With so many different options, selecting a small business retirement plan that meets the needs of you and your business can be challenging on your own. Each available option offers different contribution limits, tax-saving incentives, fees, and filing requirements.
Our wealth managers can assist you in choosing the best retirement plans for a small business based on the specifics of your business model, financial positioning, and goals. Possible options for business retirement plans include:
Individual 401(k) plans/ Solo 401(k)
Individual 401(k) plans, also known as i401(k)s or Solo 401(k)s, are a great option for self-employed individuals or those with no common law employees including C corporations, S corporations, and limited liability companies (LLC’s). These accounts allow business partners to invest as both an employer and an employee with all the benefits of a traditional 401(k).
For investors making contributions as both an employer and employee, contributions cannot exceed $61,000 for the 2022 tax year or $67,500 if age 50 or older. There is no fee to establish an individual 401(k).
SEP-IRA (Simplified Employee Pension)
Simplified employee pension accounts are available for those who employ others, are self-employed, or who earn free-lance income.
SEP-IRAs allow employers to contribute up to 25% of the employee’s total compensation or up to 20% of income for the self-employed.

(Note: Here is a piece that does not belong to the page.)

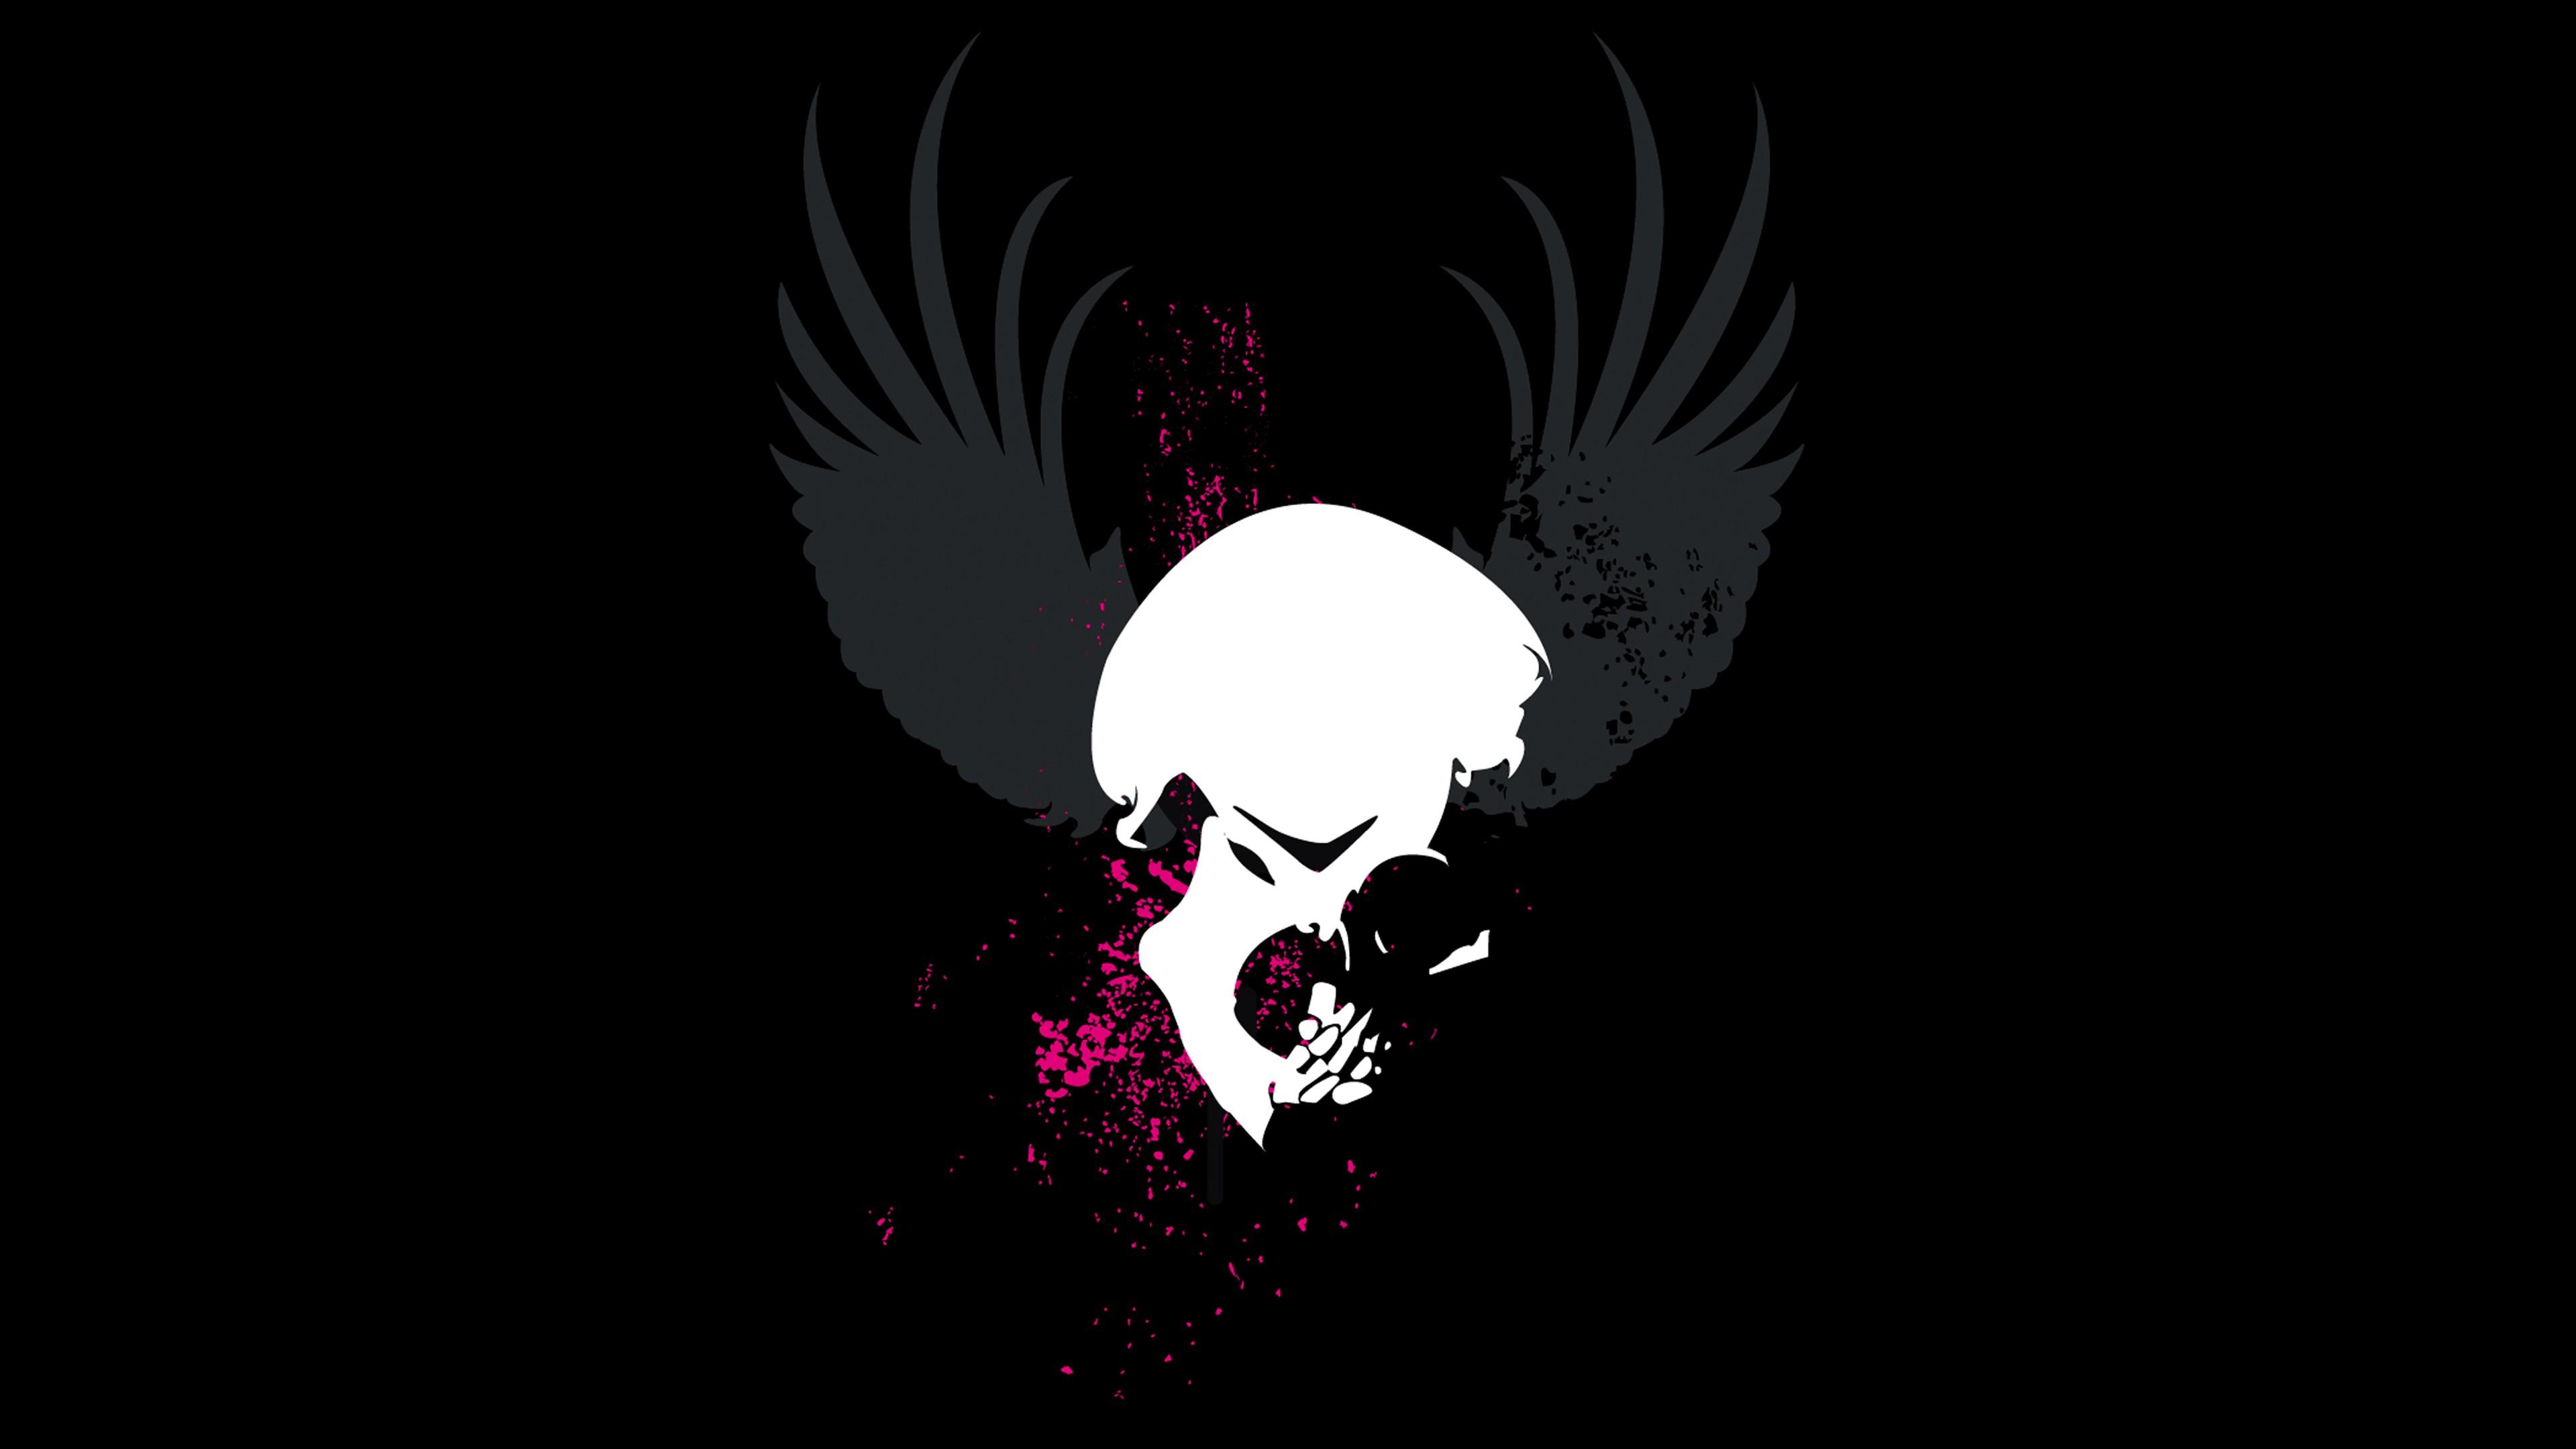 skull grunge wings dark 4k 1540754526 - Skull Grunge Wings Dark 4k - wings wallpapers, skull wallpapers, hd-wallpapers, dark wallpapers, 4k-wallpapers

Typically employers are the only ones that contribute to this type of small business retirement plan although employees are able to make contributions as well.
Simple IRAs (Savings Incentive Match Plan for Employees) allow both employers and employees alike to make tax-deferred contributions to their retirement accounts. This is an ideal option for businesses with less than 100 employees or individuals who are self-employed.
Offering Simple IRAs allows you as the business owner to choose between two options for the amount you wish to match. For the 2022 tax year, employers can offer either a dollar-for-dollar match of employee contributions up to 3% of each employee’s compensation or a contribution of 2% of each employee’s compensation. These contributions are tax-deductible at the end of every year. Employees can contribute up to $14,000 or $17,000 for employees age 50 and older.
Both the business and the employees can set themselves up for a successful retirement while tapping into end-of-the-year tax savings by utilizing a 401(k) plan. As mentioned above, individual or Solo 401(k)’s are an option for businesses without employees, but for small businesses that do employ other professionals, traditional 401(k)’s can be a better option. This is because they often offer more options in terms of investment choices and can help lower your income tax bill.
There is typically a management fee for traditional 401(k) accounts and they allow employees to make pre-tax contributions up to $20,500 or $27,000 if 50 or older for 2022.